Dave Hill: New government migration curbs can only do London harm

Dave Hill: New government migration curbs can only do London harm

Usually, the public responses of London business groups to large government announcements are diplomatically hedged – combinations of gratitude for small mercies and polite expressions of ongoing disappointment. By contrast, the statement released by BusinessLDN following brand new Home Secretary James Cleverly’s revealing the Conservatives’ latest plans for reducing net migration was rather stark.

‘At a time when businesses in London and across the country are struggling with acute skills shortages, raising the salary threshold at which workers can be recruited from abroad would make it much harder for firms to access the talent they need to drive growth,” said policy delivery director Mark Hilton. The government should put the economics before the politics.”

London Higher, which represents the capital’s universities, has a similar predisposition to nuance and critical friendship. But it too took a dim view of Cleverly‘s prescriptions. Chief executive Diana Beech did not veil her displeasure with the threat to the post-study work visa – or “graduate immigration route” – which enables overseas students to stay on in the UK after securing a degree or better.

“What is needed for London and the UK to thrive is more promotion of the post-study work visa, not less,” she said. “Any moves to restrict or abolish [it] will be the final nail in the coffin for the illusion of ‘Global Britain’, with the UK already being seen as unwelcoming to international students following a swathe of recent regressive policy changes.”

Biff. Bash. Ka-pow. The dismay could hardly have been less varnished. OK, you might suspect that the expected coming demise of the Tories, probably by this time next year, has lessened inhibitions. But that doesn’t mean the cries of anguish weren’t from the heart.

And why wouldn’t they be? Important sectors of the capital are struggling to recruit the quantity and quality of staff they need. Inadequate training of Londoners contributes to this situation – plenty are seeking work, but don’t fit vacancies’ requirements – but that doesn’t change the fact that London employers in construction, hospitality and others have jobs on offer they need qualified people to do this very day.

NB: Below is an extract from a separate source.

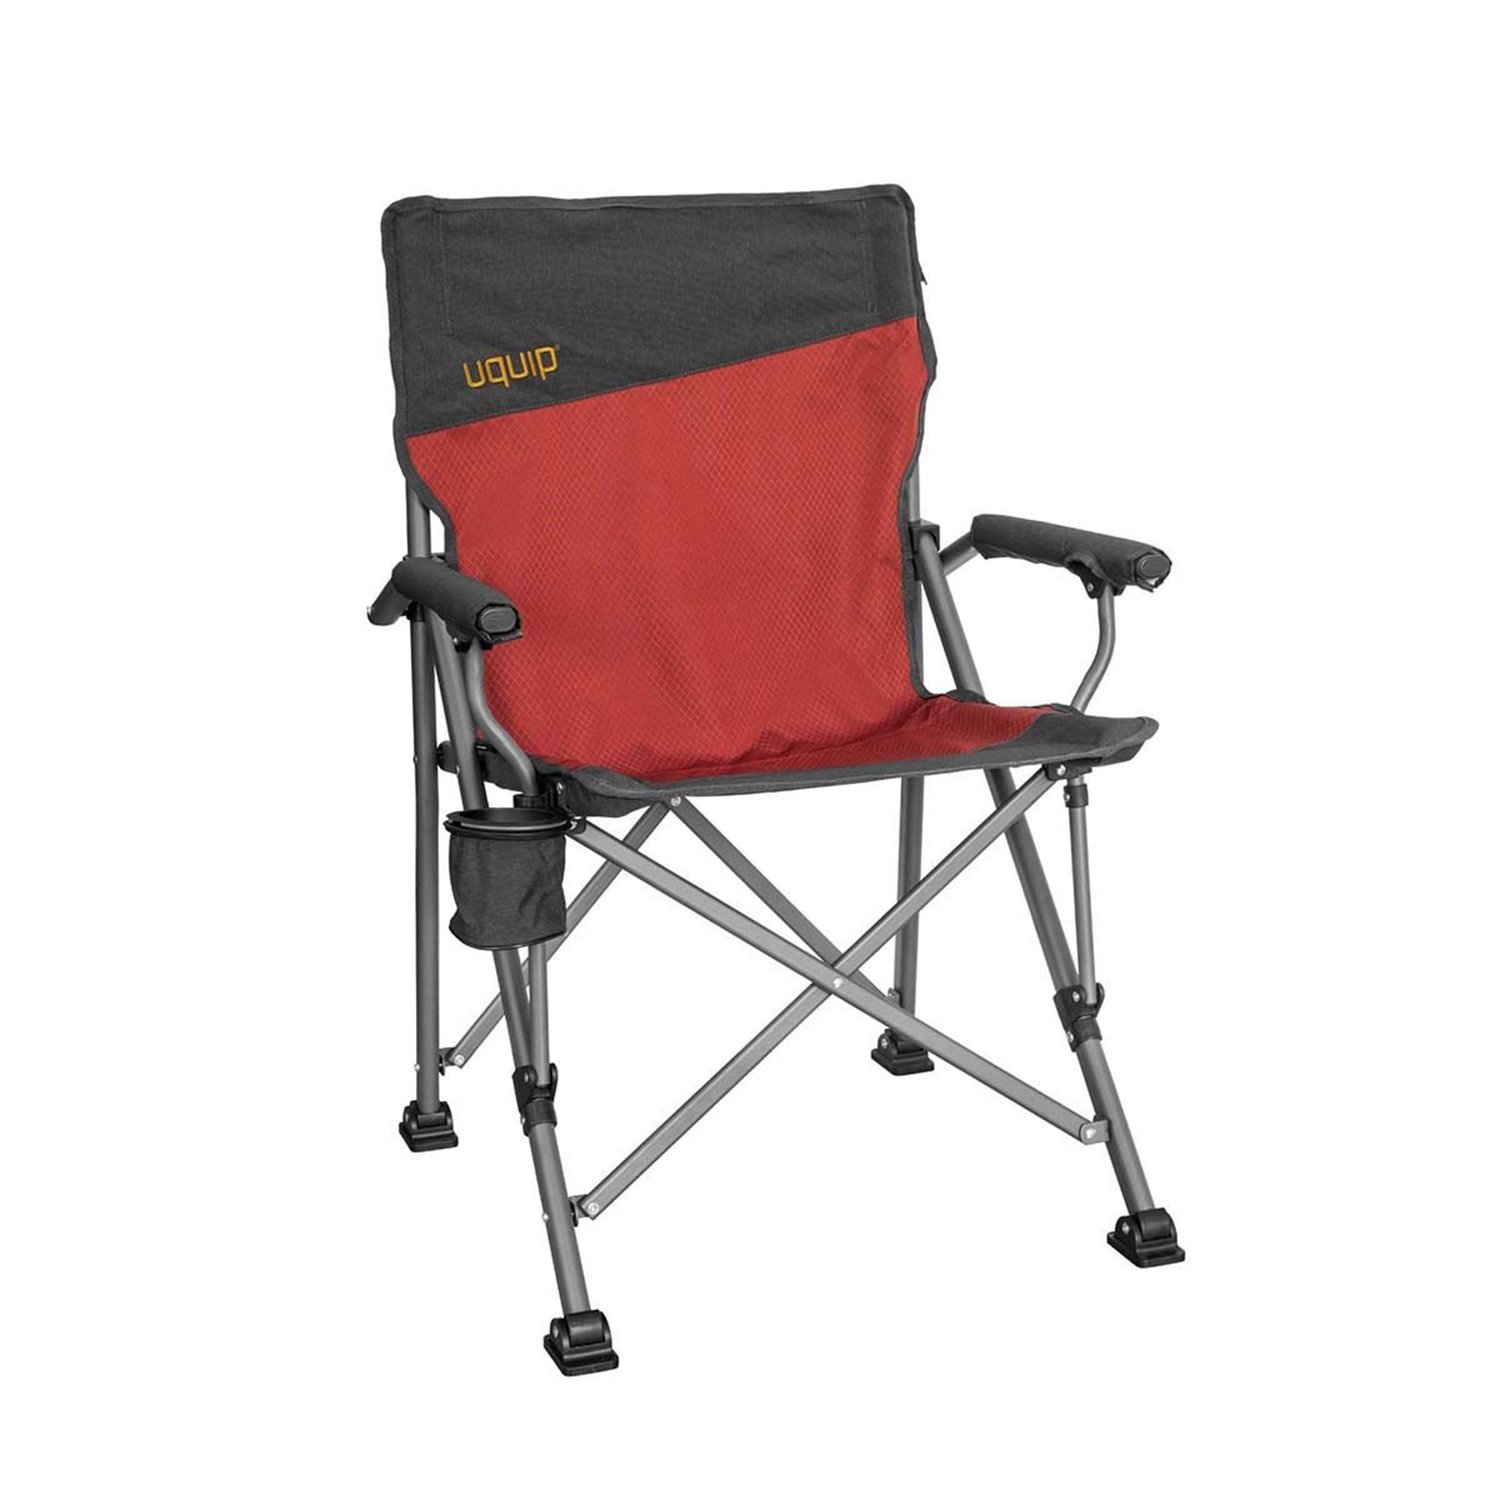 Uquip Roxy Yüksek Konforlu & Takviyeli Katlanır Kamp Sandalyesi Red - Bordo - 1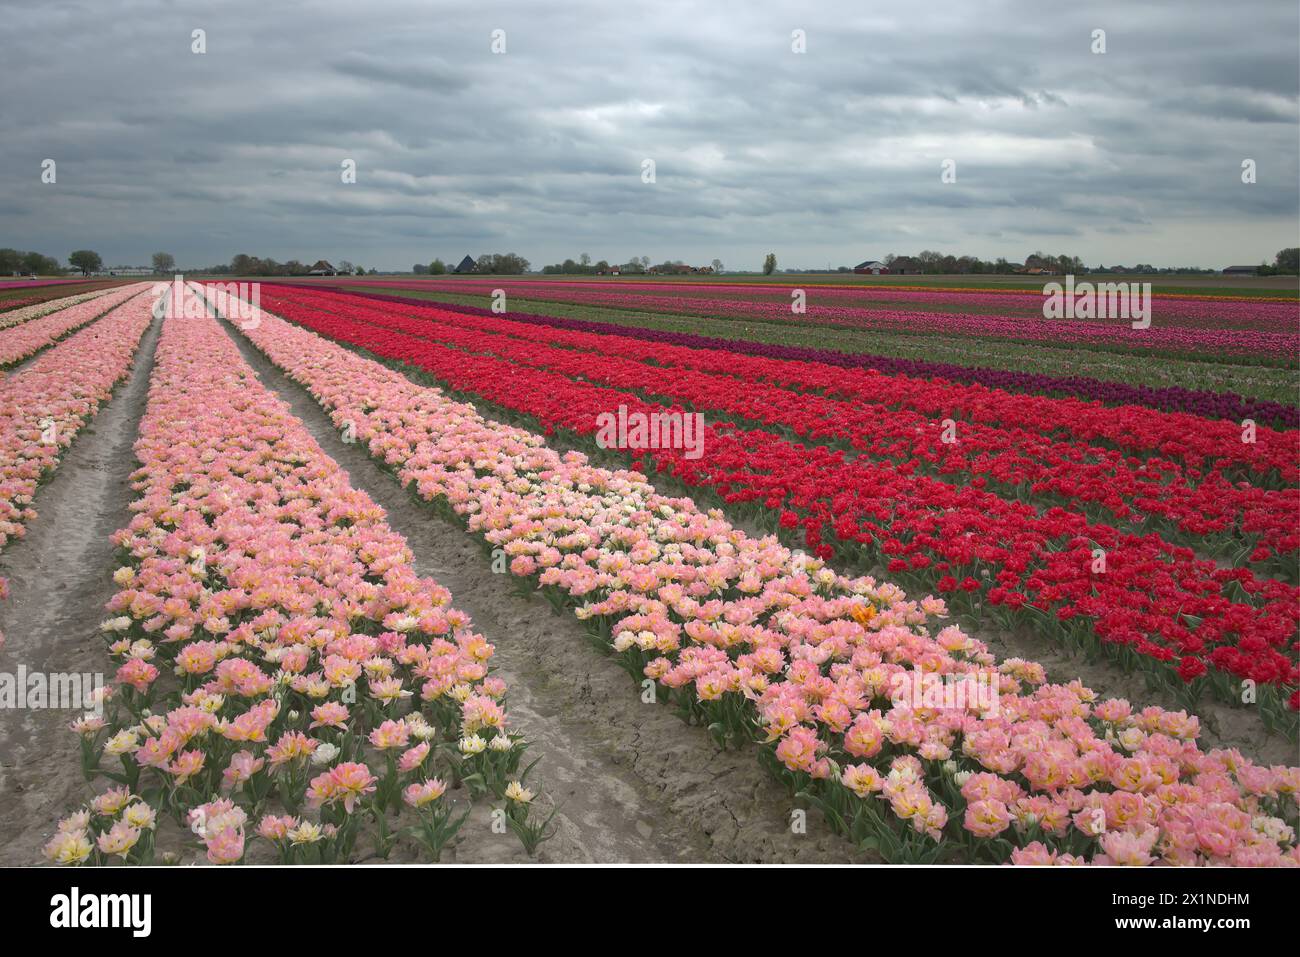 Tulpenveld met heel veel mooie kleuren en soorten. Stock Photo

London, you might have heard, is the place the whole country depends on for growth, demand and taxes. In spite of being hammered hard by the pandemic, it has been leading the nation out of it. Now, Rishi Sunak’s unpopular administration has chosen to place appeasing the disquiet of Brexit-minded Britons above the needs of the British capital and, by extension, of Britain as a whole.

Such sentiments, it should not be forgotten, are not absent from London itself. The 40 per cent of Londoners who voted Leave in the 2016 referendum were a heavily outnumbered minority, but a large one nonetheless. And while “Brexit identities”, like Brexit belief, have declined far and wide, that mindset is not extinct in Remain City.

Yet the recent, in-depth Lord Ashcroft poll – the one that gave Sadiq Khan a 27-point lead over his Conservative challenger Susan Hall, an admirer of Lee Anderson MP – also found that 61 per cent of Londoners believe that, overall, immigration has improved Britain compared with 39 per cent who think it’s made things worse. That’s a far more favourable balance than found in national surveys. And when asked to make their choice of the three most important issues for the country from a list of 21, 17 per cent of Londoners picked immigration – again, far from insignificant, but, in joint sixth position, not as elevated as it is in the thinking of Britons as a whole.

Call it decisive and responsible action to address legitimate concerns or call it pandering to prejudice and fear, the government’s new move on immigration has, of course, been informed by political calculation. It knows which parliamentary seats and which types of voters represent – forgive the analogy – lifeboats for their sinking electoral prospects and, by and large, they aren’t clustered in the capital. Perhaps it has also factored in the Migration Observatory’s cautious estimate that net migration was likely have to have dropped substantially in the next couple of years anyway, even without a major change of policy. If that happens, they will be able to boast of having arranged it.

Whatever, even if the Prime Minister’s headline-grabby gambit in this emotive realm can eventually be claimed to have paid off, it won’t do him much good in another area voters care about, a buoyant, growing economy, which only London can fuel. The latter now looks even further away, thanks to the impact the immigration ploy is expected by such as BusinessLDN and London Higher to have.

No surprise there. It’s been a while since London and Londoners were a Conservative priority, no matter how much harm that has done – including to everywhere else.